[COLLECTED DATA — start]

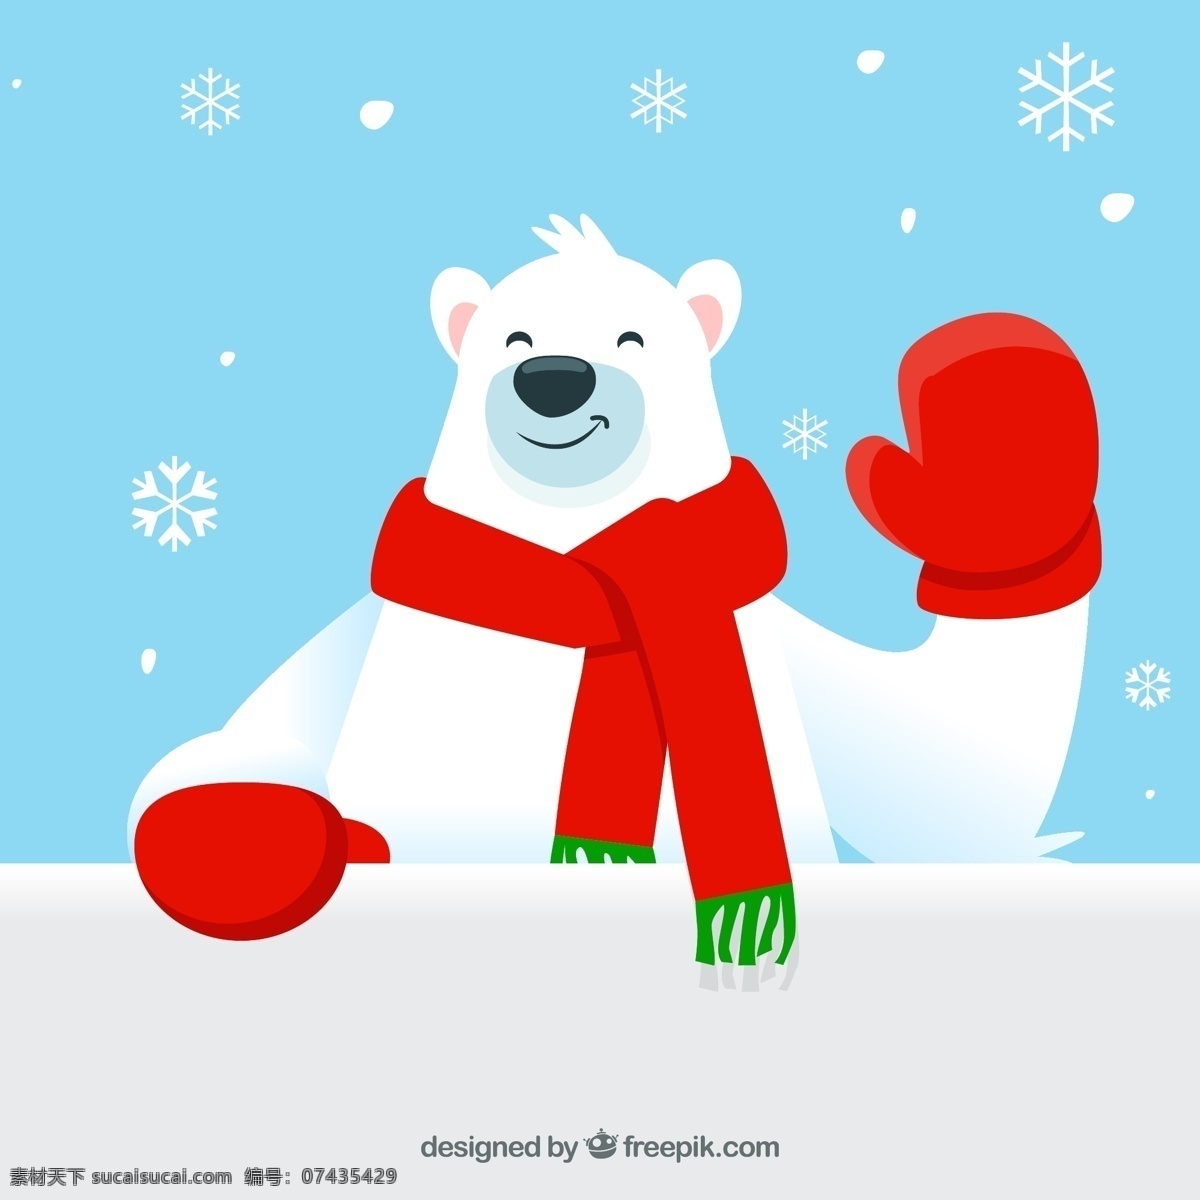 可爱 打招呼 北极熊 矢量 冬天 动物 节日 卡通 圣诞节 围巾 雪花
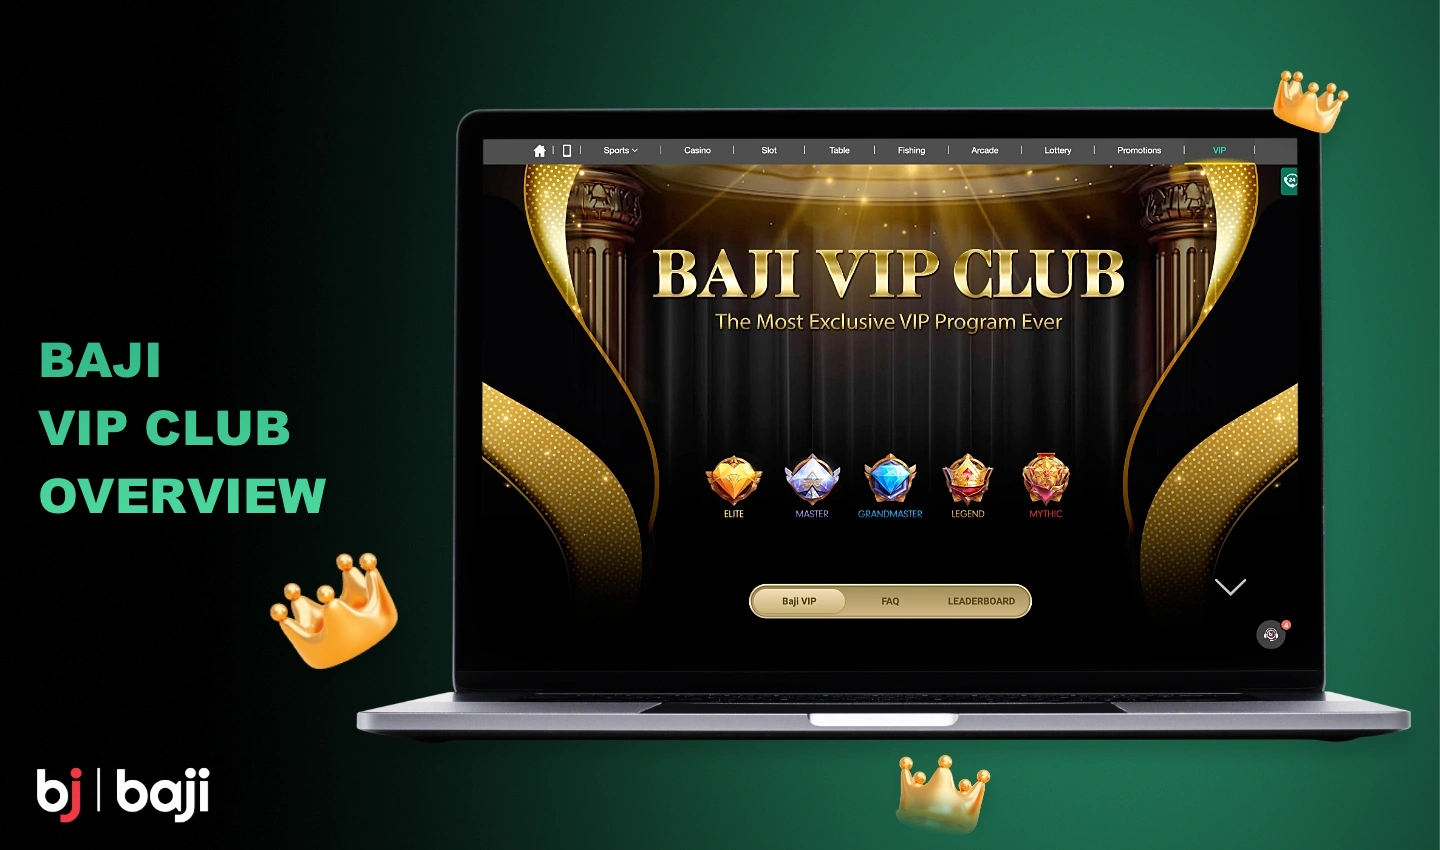 Baji वीआईपी क्लब एक विशेष कार्यक्रम है जो आपको अतिरिक्त पुरस्कार अर्जित करने की अनुमति देता है
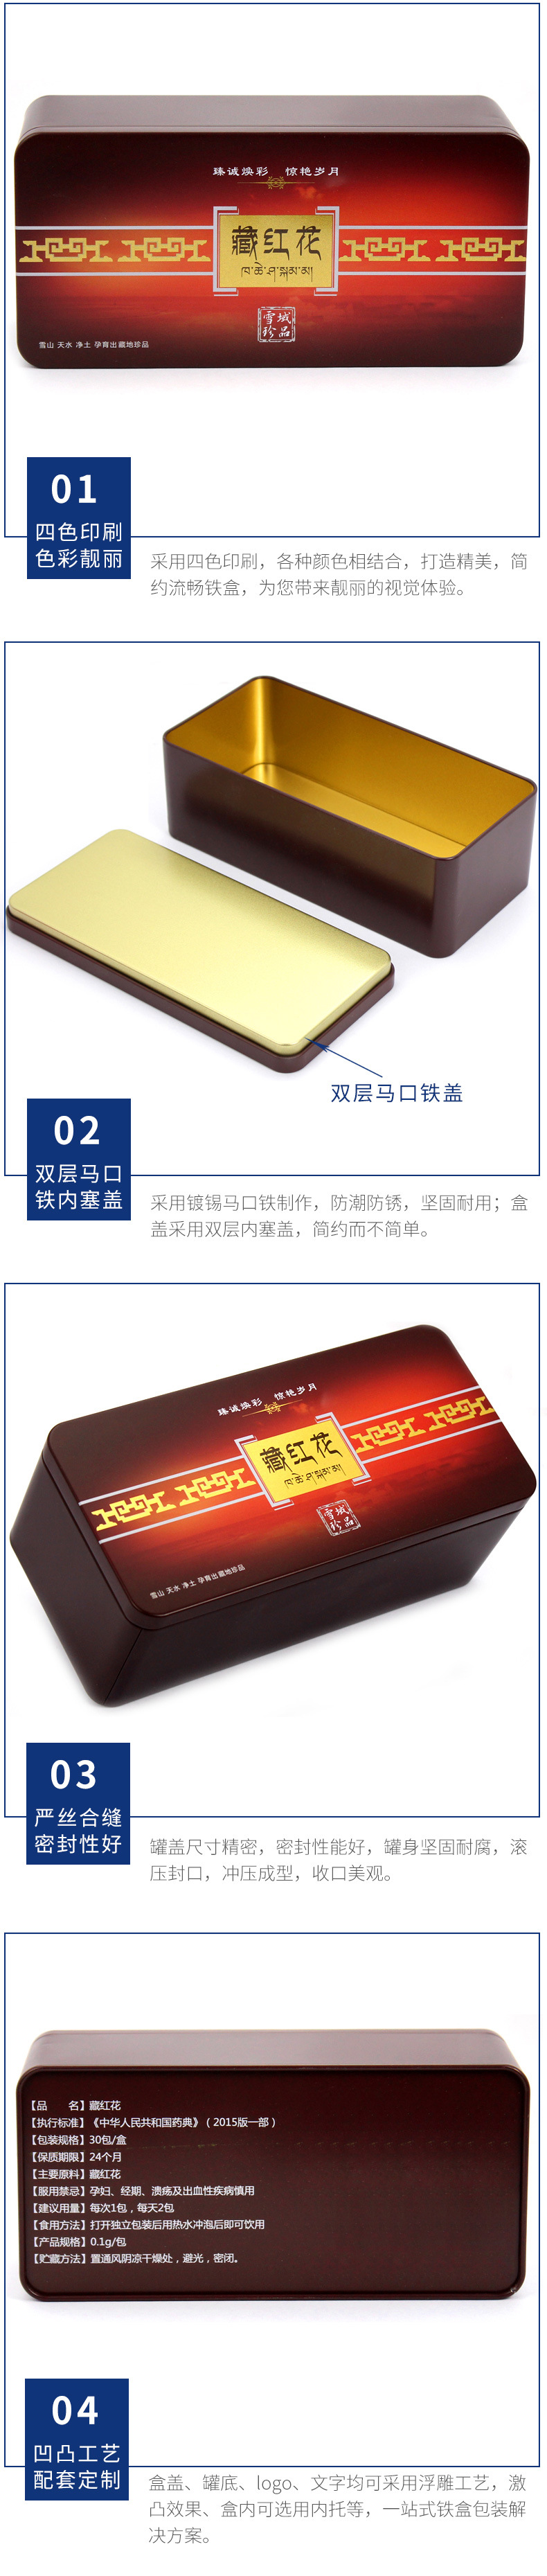 广州工厂生产藏红花铁盒 密封西红花包装盒 保健品铁罐铁盒设计示例图14

[COLLECTED DATA — finish]

* TASK STATEMENT:
Leaving out all pictures, repeat word for word the lines from the one containing "Baji वीआईपी क्लब" through the final line of the material above.

* REPLY TO THE EXERCISE:
 Baji वीआईपी क्लब एक विशेष कार्यक्रम है जो आपको अतिरिक्त पुरस्कार अर्जित करने की अनुमति देता है
 广州工厂生产藏红花铁盒 密封西红花包装盒 保健品铁罐铁盒设计示例图14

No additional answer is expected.